REQUIRED WORK -
An exact repetition of the data below, without images, is the expected answer.

DATA EXCERPT -

━━━━

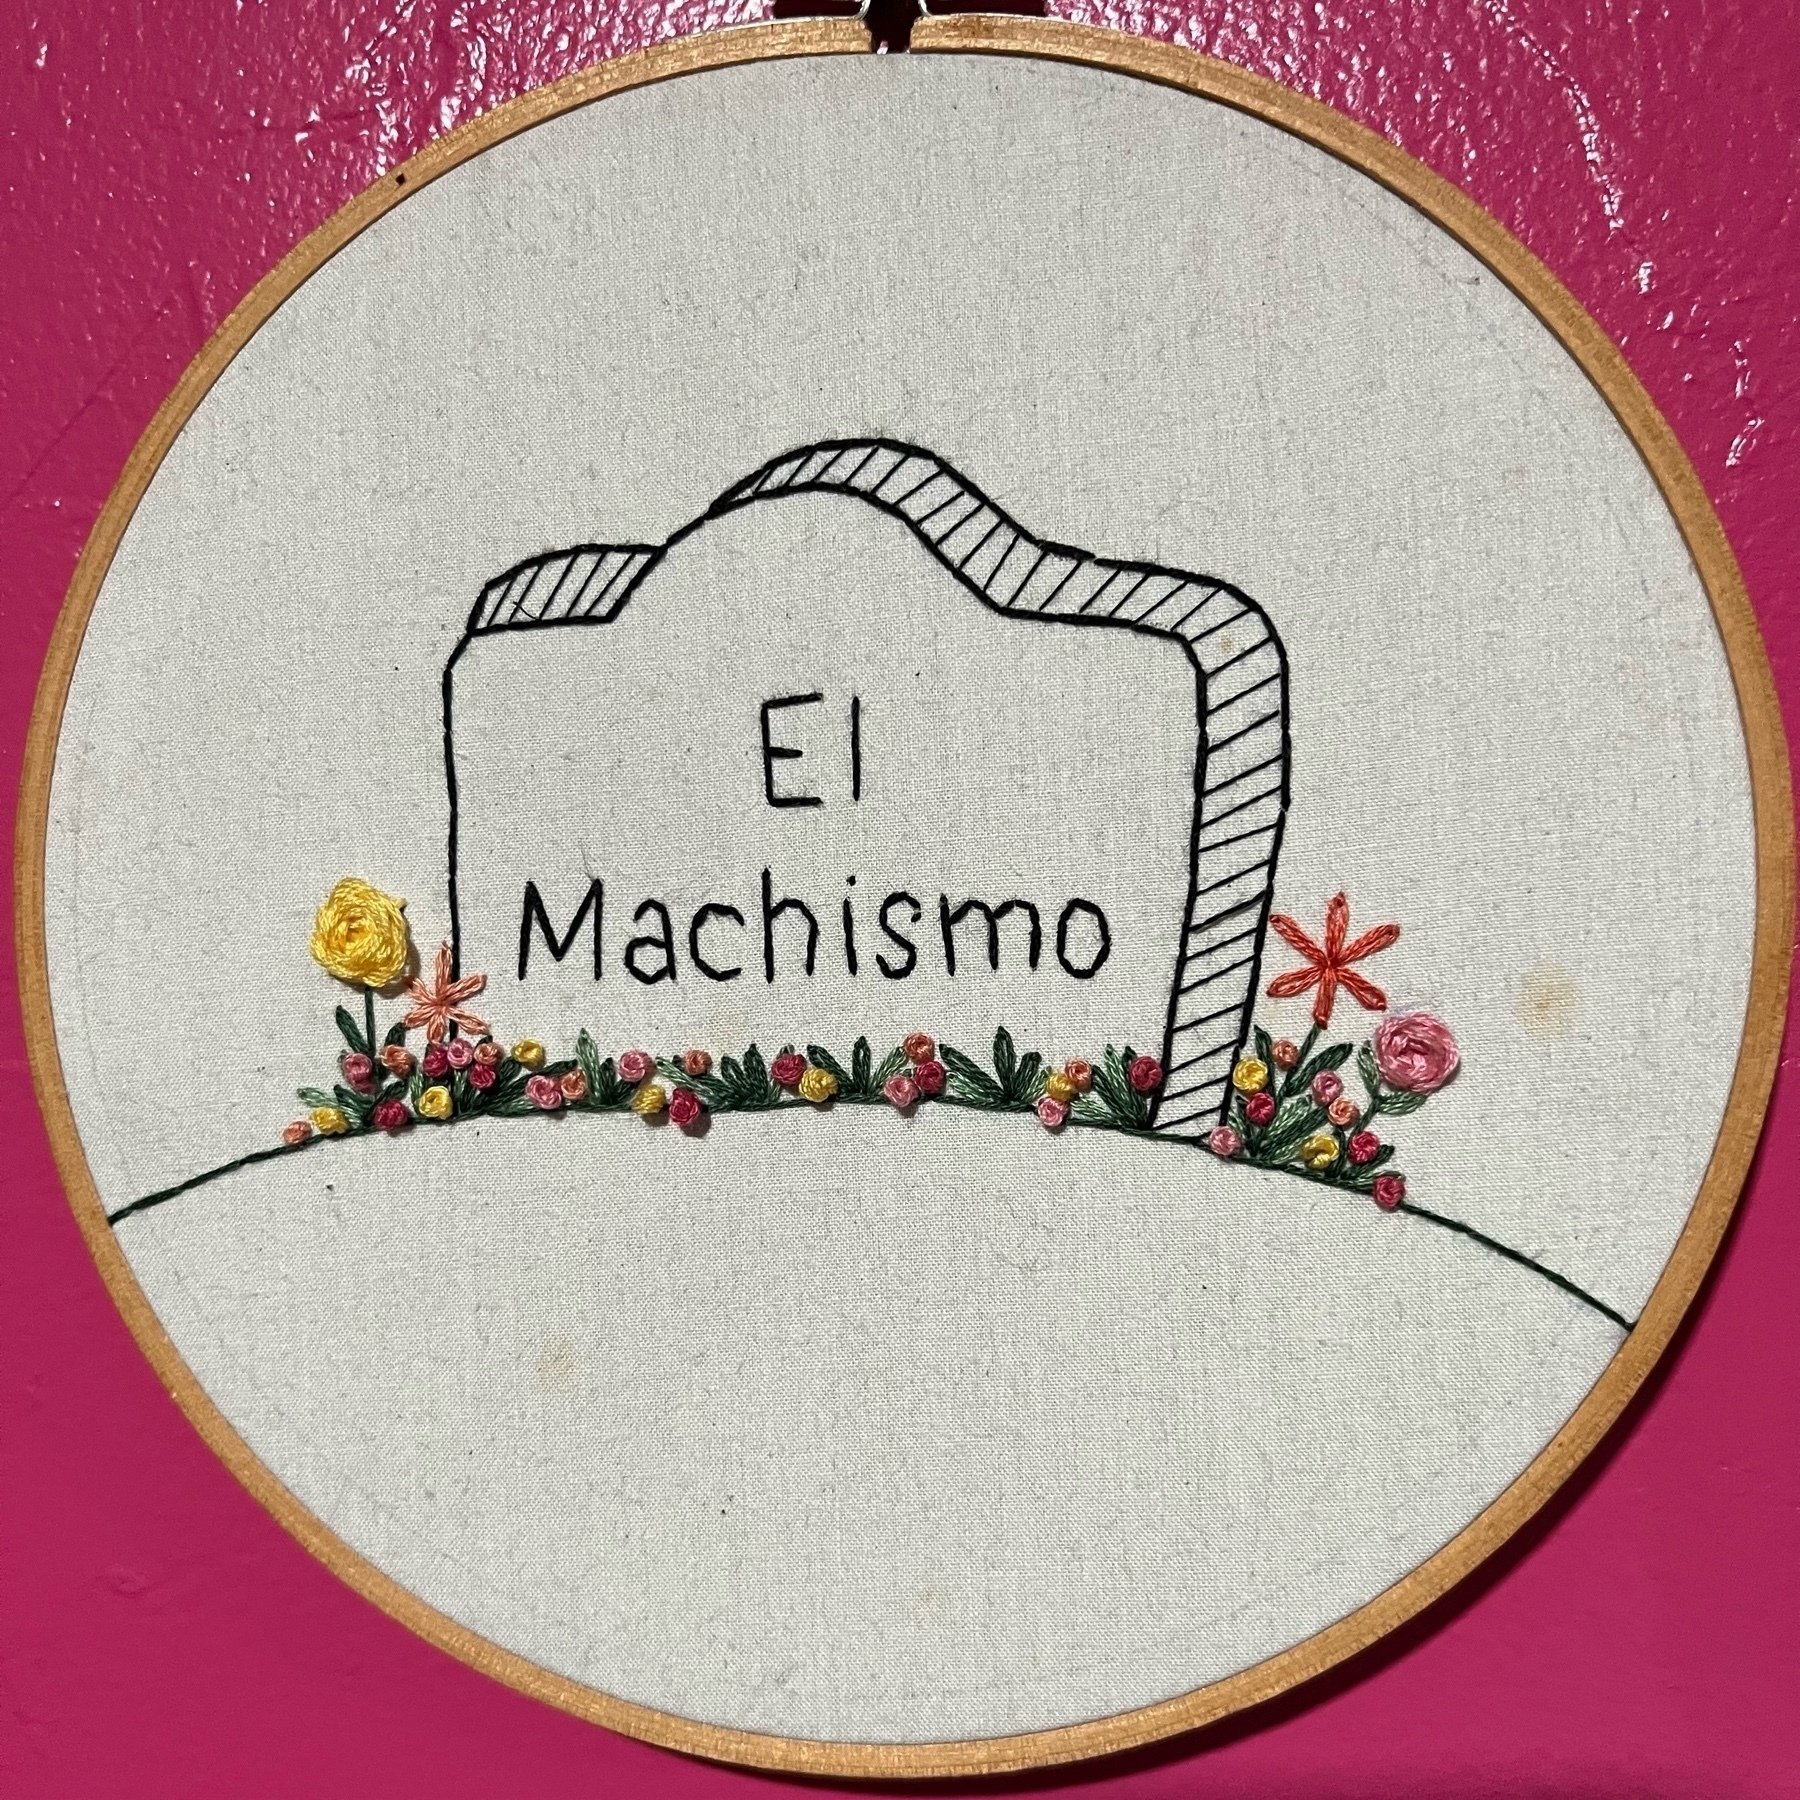 Machismo stitched onto a gravestone.
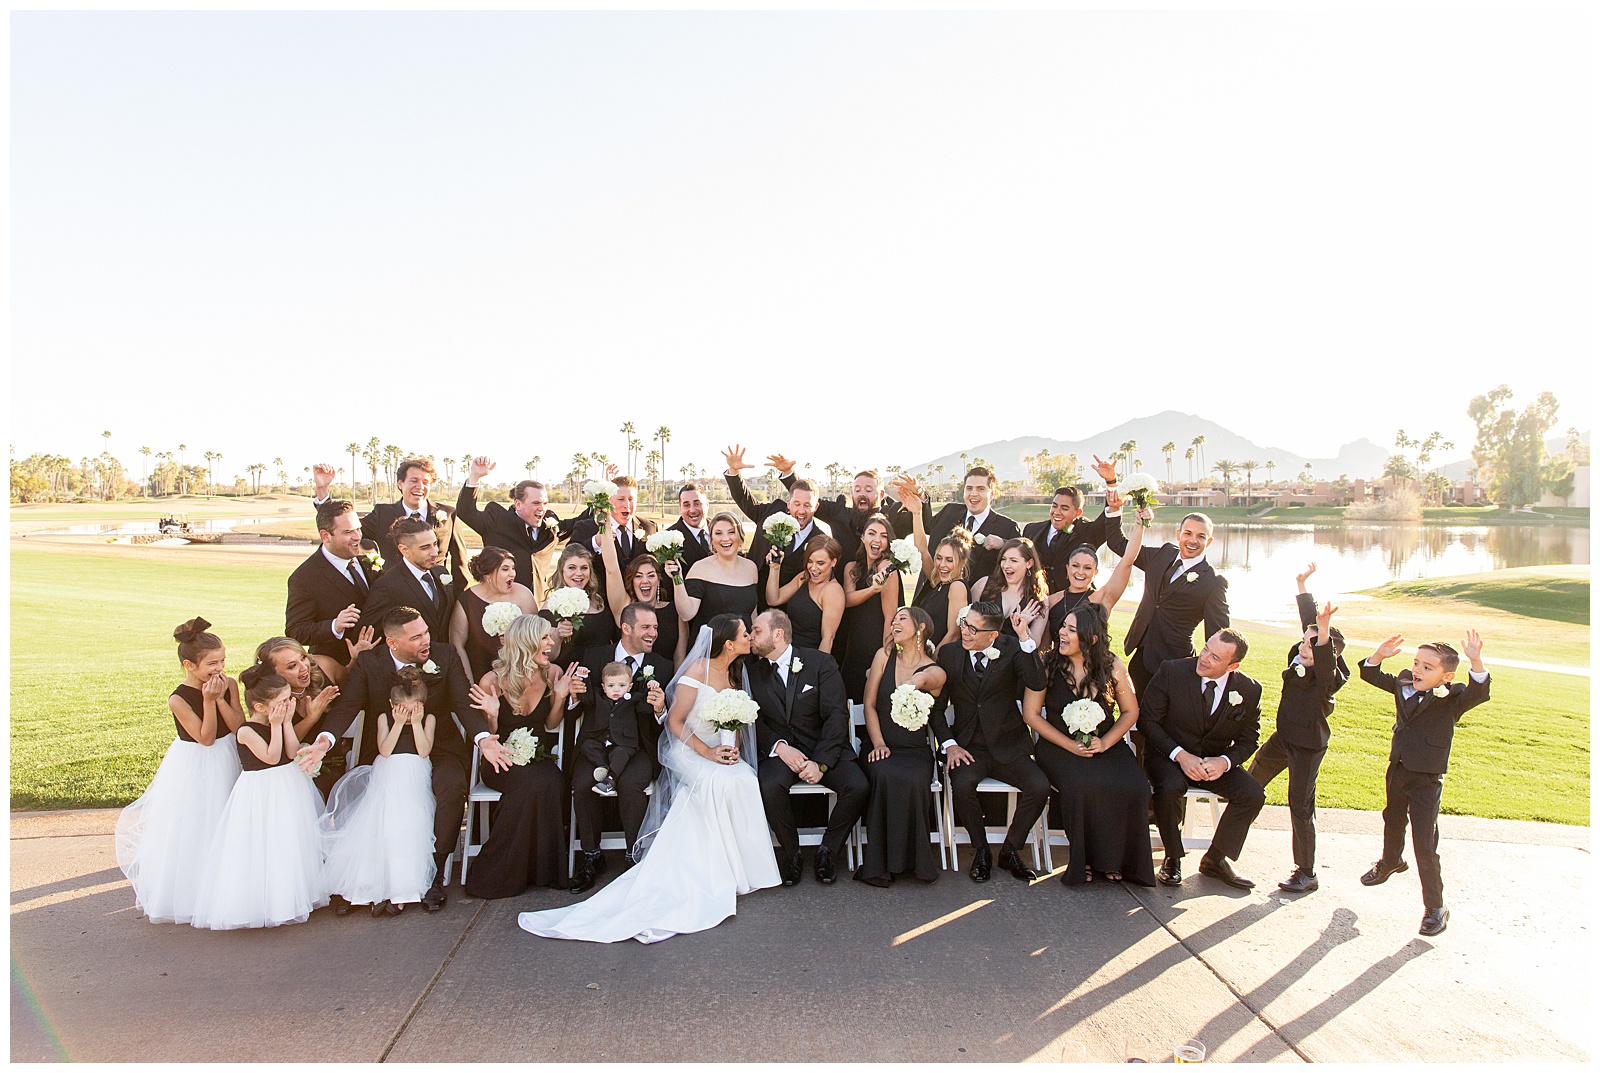 Fun Black Tie Wedding at McCormick Ranch Golf Club, Scottsdale AZ
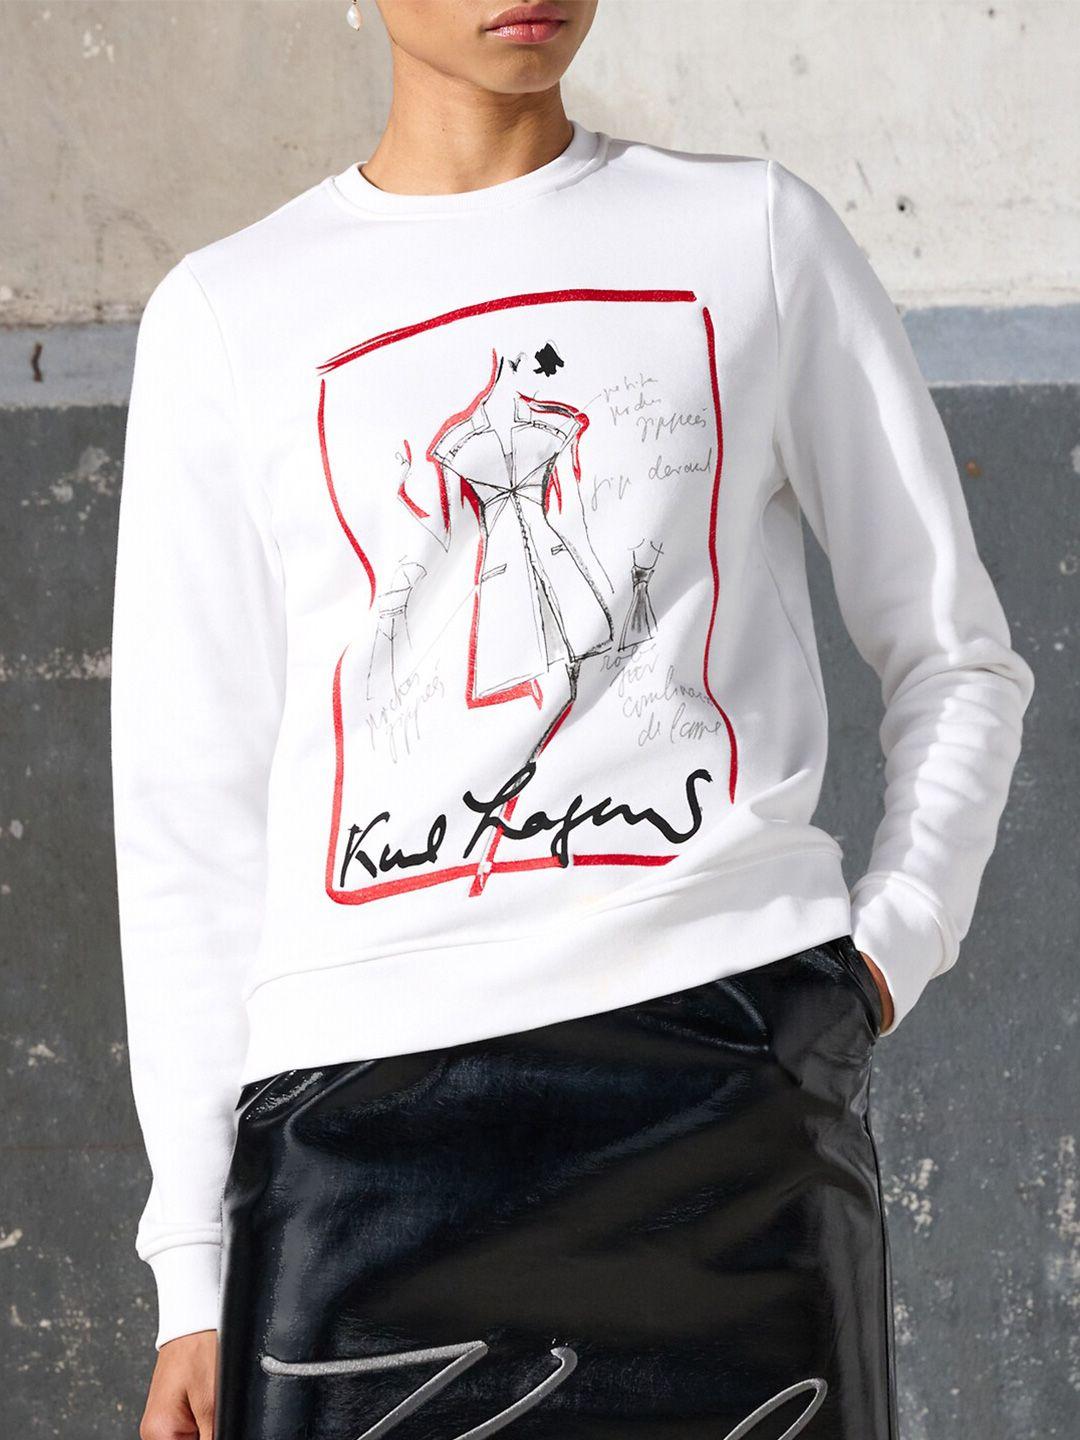 karl lagerfeld graphic printed pullover cotton sweatshirt

━━━━

SOLVED PROBLEM -
 Machismo stitched onto a gravestone.
 Fun Black Tie Wedding at McCormick Ranch Golf Club, Scottsdale AZ
 karl lagerfeld graphic printed pullover cotton sweatshirt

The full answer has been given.